Ontario was the first jurisdiction in Canada to offer screening for severe combined immunodeficiency disease in 2013 as part of the heel prick test performed soon after birth. Screening has been expanded to the Maritime provinces and will be implemented in several other provinces.
“This review informs physicians who may treat newborns in their practice (e.g., family physicians, obstetricians, pediatricians) on how to approach patients and counsel families who are faced with an abnormal screen,” writes Dr. Stuart Turvey, a professor with the UBC Department of Pediatrics and an investigator, BC Children’s Hospital, Vancouver, BC, with coauthors.
The review includes features to watch for in newborns with repeated illnesses, information on screening and diagnosis, and treatments for the disease, as well as the approach and support for parents of babies who may receive a positive screen, including false positives.
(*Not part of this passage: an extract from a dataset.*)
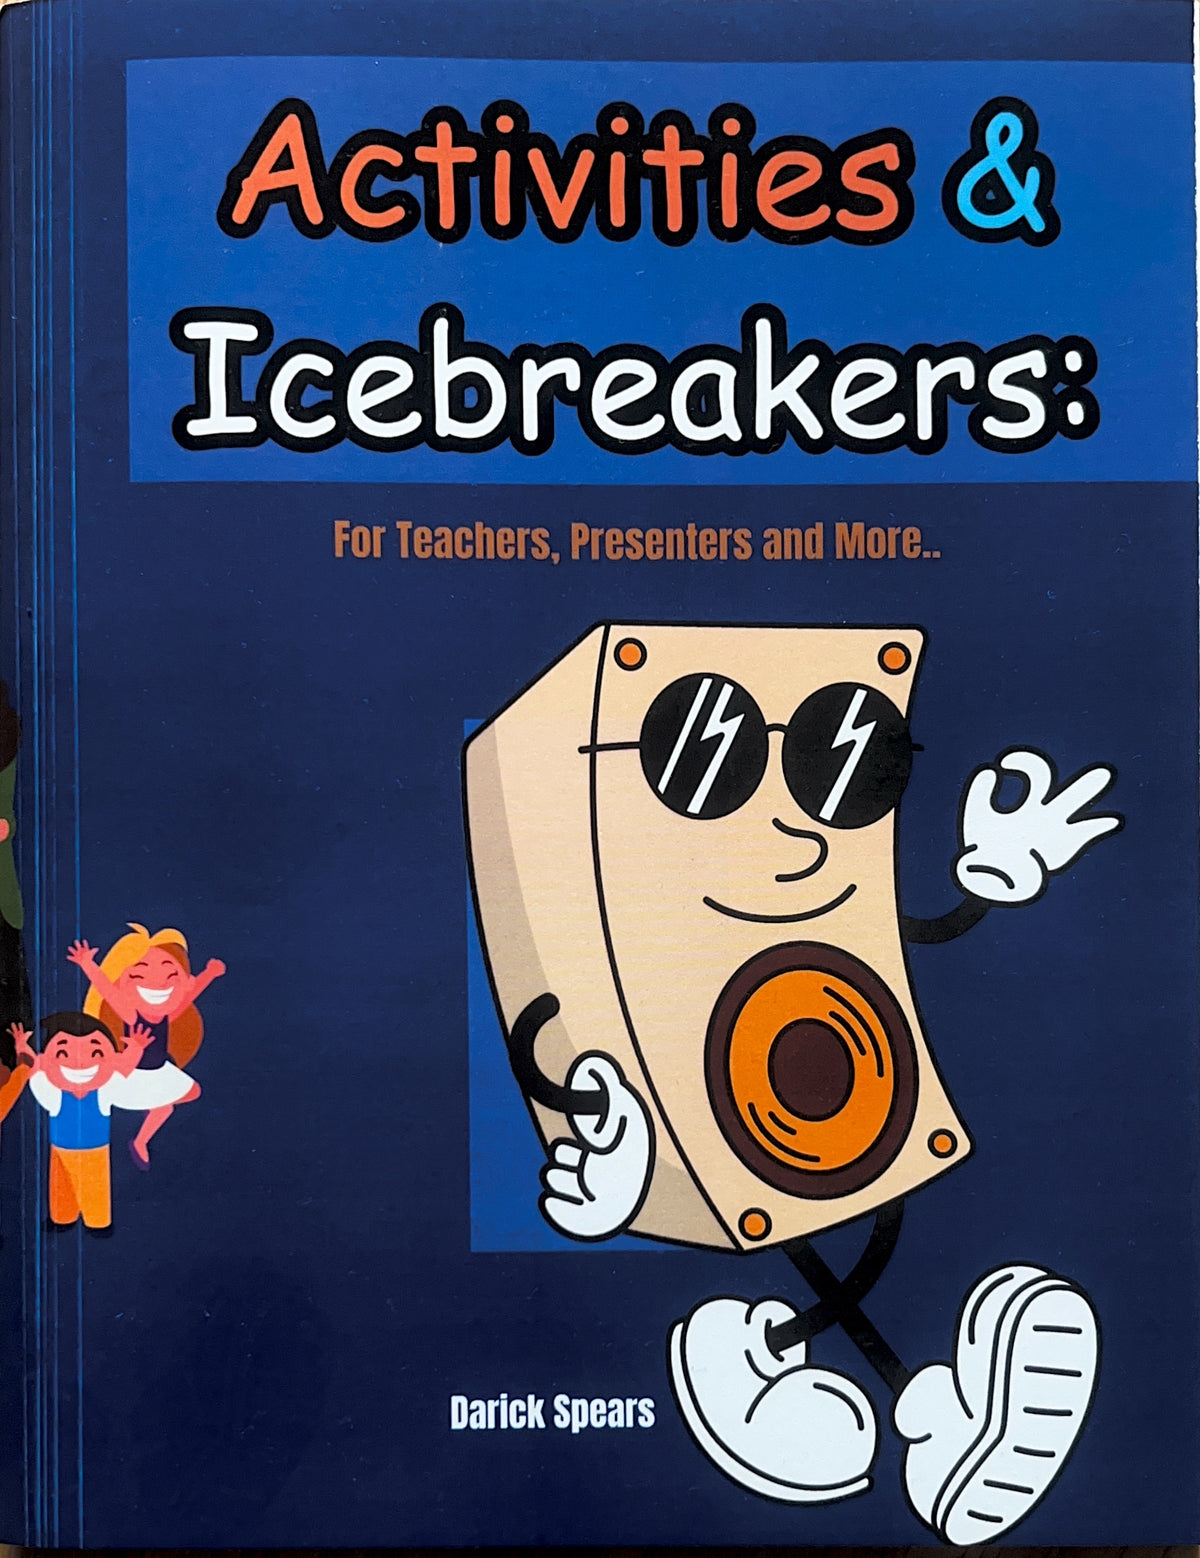 Activities & Icebreakers for Teachers, Presenters & More.

“The opportunity to identify severe combined immunodeficiency early in life has transformed outcomes for this otherwise fatal condition. Introducing this assay into newborn screening programs throughout Canada has the potential to save lives and prevent suffering of patients and families affected by this condition,” the authors conclude.
The review was created by a pan-Canadian group of physicians from BC Children’s Hospital, University of British Columbia, Vancouver, BC; University of Montreal and CHU Sainte-Justine, Montréal, Quebec; IWK Health Centre and Dalhousie University, Halifax, Nova Scotia; and The Hospital for Sick Children and the University of Toronto, Toronto, Ontario.